For the following chemical reaction, what mass of silver nitrate in grams will be needed to produce 3.91 mol of calcium nitrate?
CaI2+2AgNO3=2AgI+Ca(NO3)2
Look at your PbO problem. This is done the same way but there is no percent part to the question. And you have mols initially so there is no conversion to start.

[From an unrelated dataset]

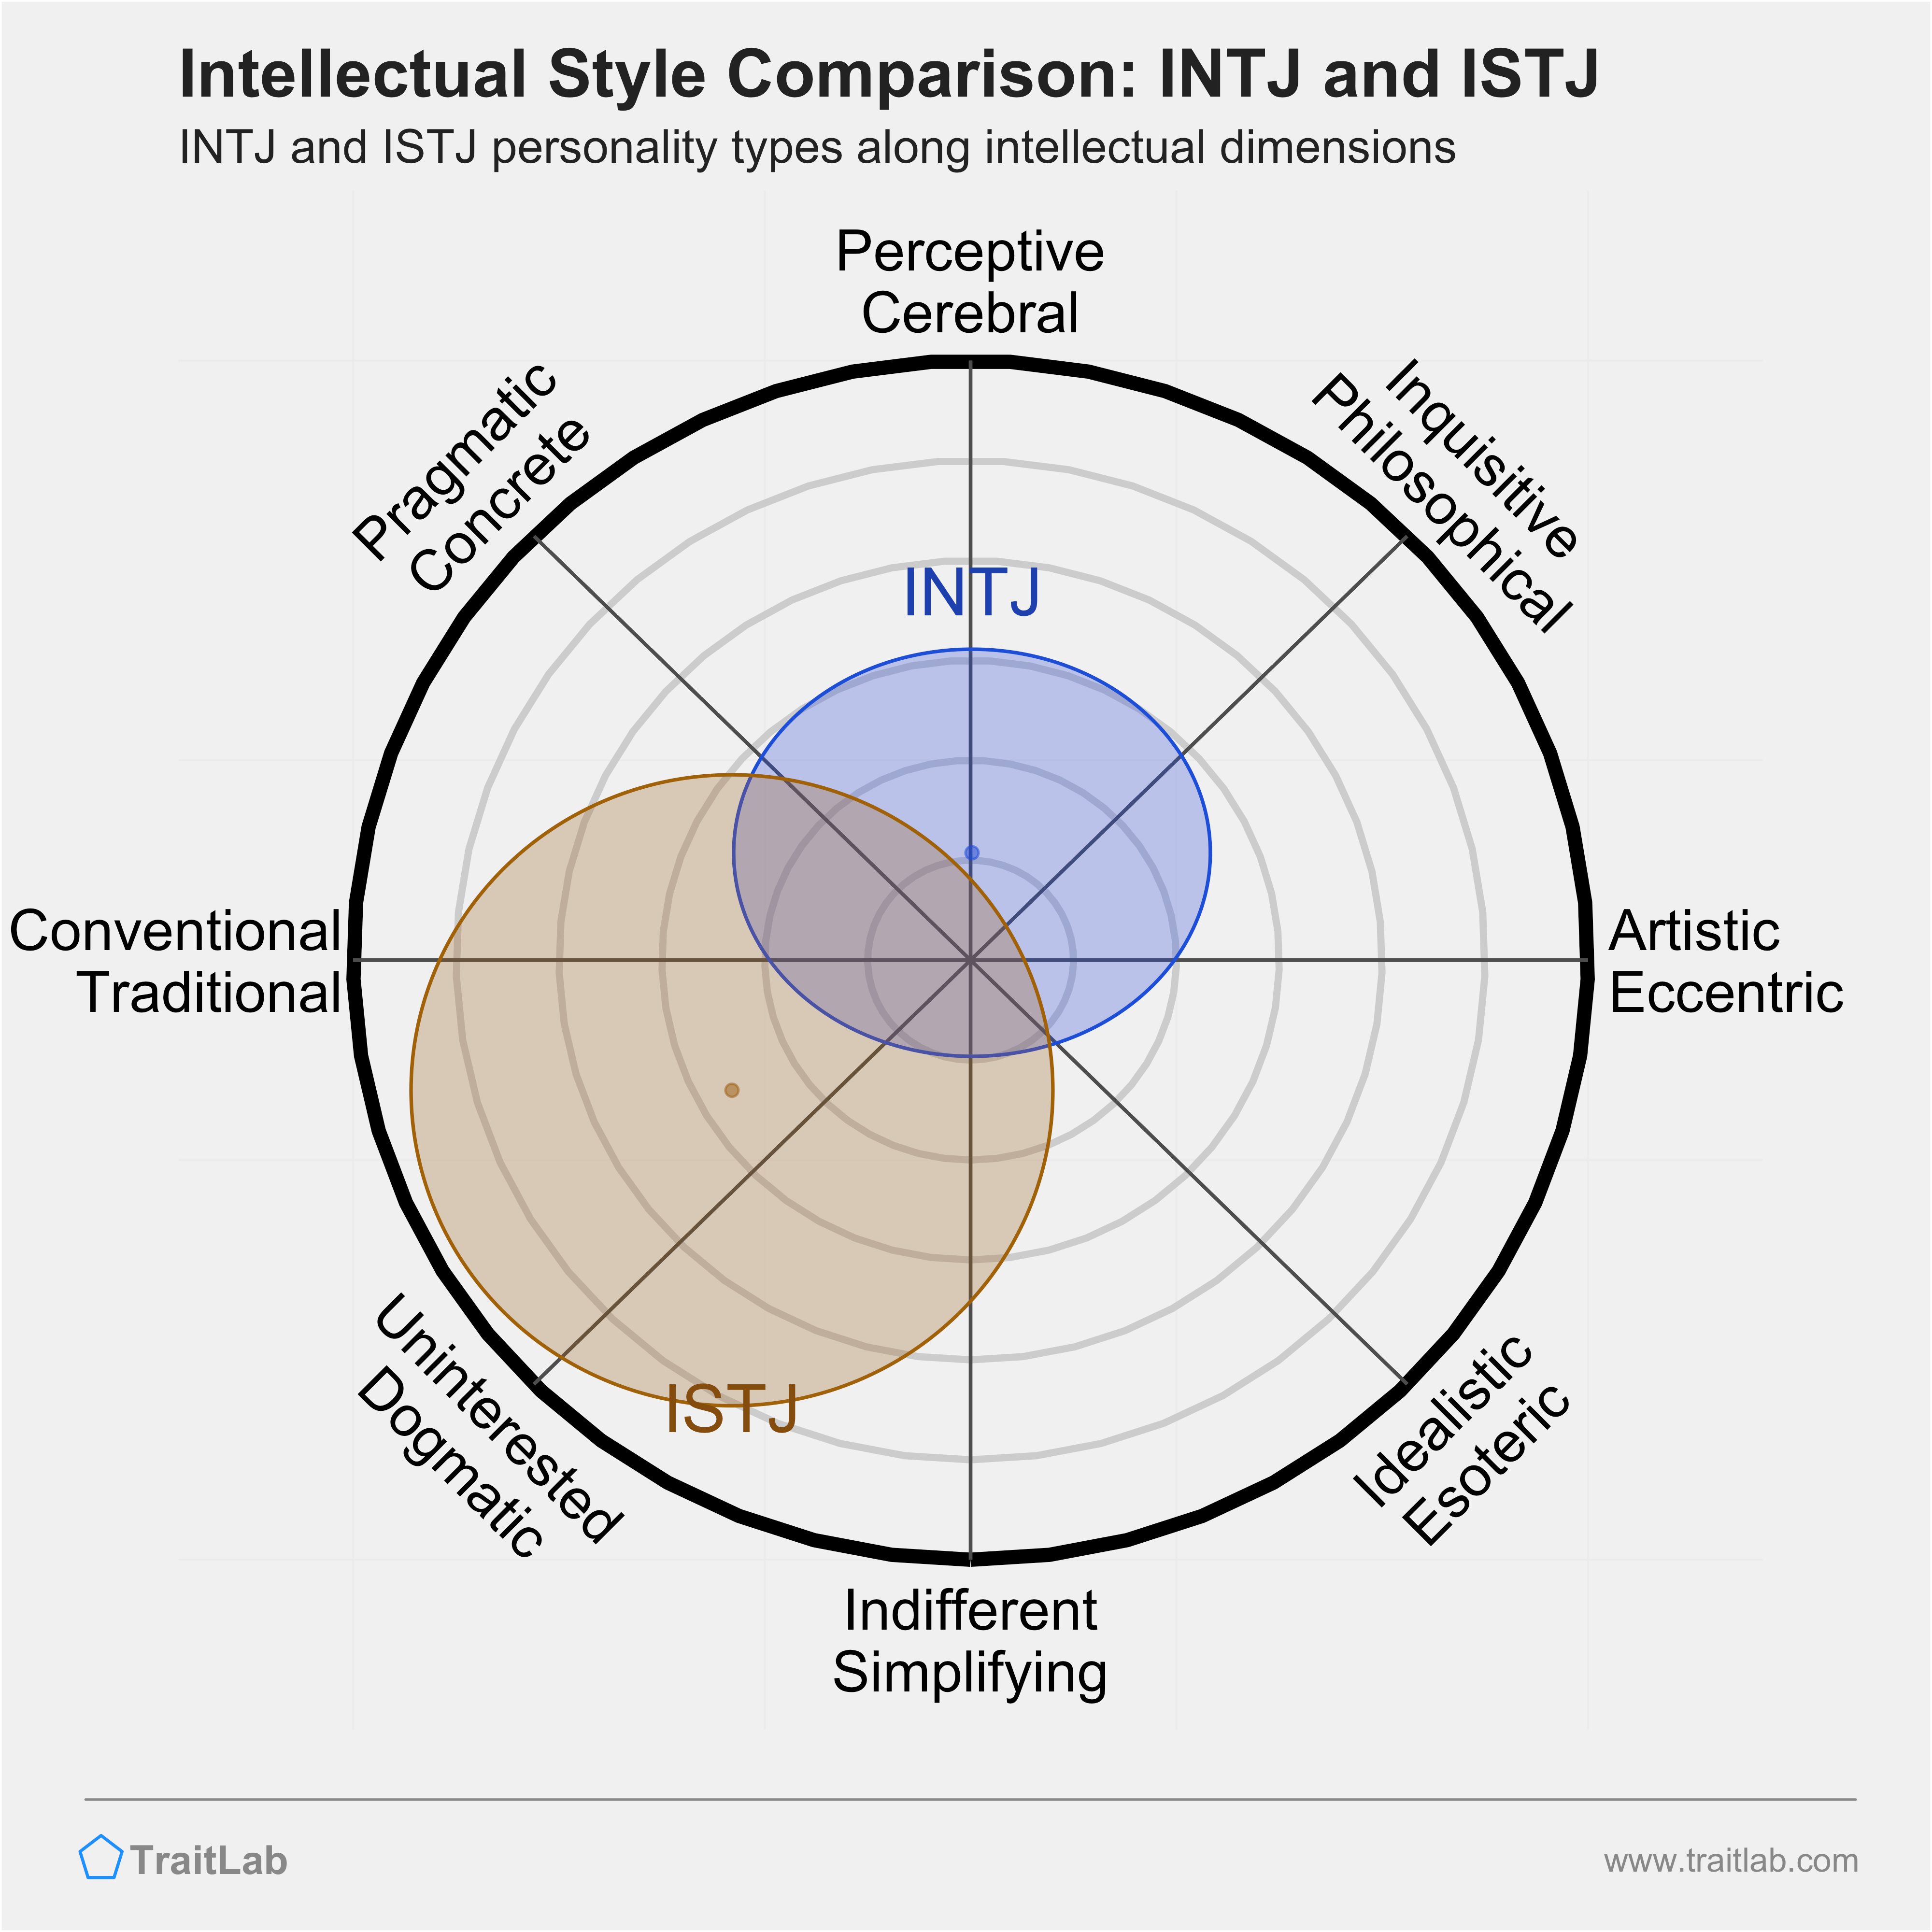 INTJ and ISTJ comparison across intellectual dimensions

To determine the mass of silver nitrate (AgNO3) required to produce 3.91 mol of calcium nitrate (Ca(NO3)2), we need to use the balanced equation for the reaction:
CaI2 + 2AgNO3 → 2AgI + Ca(NO3)2
From the equation, we see that the stoichiometric ratio between calcium nitrate (Ca(NO3)2) and silver nitrate (AgNO3) is 1:2.
This means that for every 1 mole of calcium nitrate, we need 2 moles of silver nitrate.
First, we will calculate the number of moles of silver nitrate required:
Moles of AgNO3 = 2 × moles of Ca(NO3)2
= 2 × 3.91 mol
= 7.82 mol
Next, we need to convert the moles of silver nitrate into grams using the molar mass of AgNO3.
The molar mass of AgNO3 is:
Ag: 107.87 g/mol
N: 14.01 g/mol
O: 16.00 g/mol (x3 atoms)
Molar mass of AgNO3:
= (107.87 g/mol) + (14.01 g/mol) + (16.00 g/mol x 3)
= 169.87 g/mol
To convert the moles of AgNO3 to grams:
Mass of AgNO3 = Moles of AgNO3 × Molar mass of AgNO3
= 7.82 mol × 169.87 g/mol
= 1324.12 g
Therefore, approximately 1324.12 grams of silver nitrate will be needed to produce 3.91 mol of calcium nitrate.
To find the mass of silver nitrate (AgNO3) needed to produce 3.91 moles of calcium nitrate (Ca(NO3)2), we need to use the stoichiometry of the balanced chemical equation.
The balanced equation shows that 2 moles of silver nitrate react with 1 mole of calcium iodide to produce 2 moles of silver iodide and 1 mole of calcium nitrate.
Based on the stoichiometry, we can set up the following ratio:
2 moles AgNO3 : 1 mole Ca(NO3)2
To convert the given moles of Ca(NO3)2 to the corresponding moles of AgNO3, we multiply the given moles by the ratio:
3.91 moles Ca(NO3)2 × (2 moles AgNO3 / 1 mole Ca(NO3)2) = 7.82 moles AgNO3
Now, we need to convert the moles of silver nitrate to grams using its molar mass.
The molar mass of silver nitrate (AgNO3) can be calculated by adding the atomic masses of each element:
Ag: 107.87 g/mol
N: 14.01 g/mol
O: 16.00 g/mol (3 oxygen atoms)
Molar mass of AgNO3 = 107.87 g/mol + 14.01 g/mol + (16.00 g/mol × 3) = 169.87 g/mol
Finally, we can calculate the mass of silver nitrate required:
Mass of AgNO3 = moles of AgNO3 × molar mass of AgNO3
Mass of AgNO3 = 7.82 moles × 169.87 g/mol = 1327.89 grams (rounded to four decimal places)
Therefore, approximately 1327.89 grams of silver nitrate will be needed to produce 3.91 moles of calcium nitrate.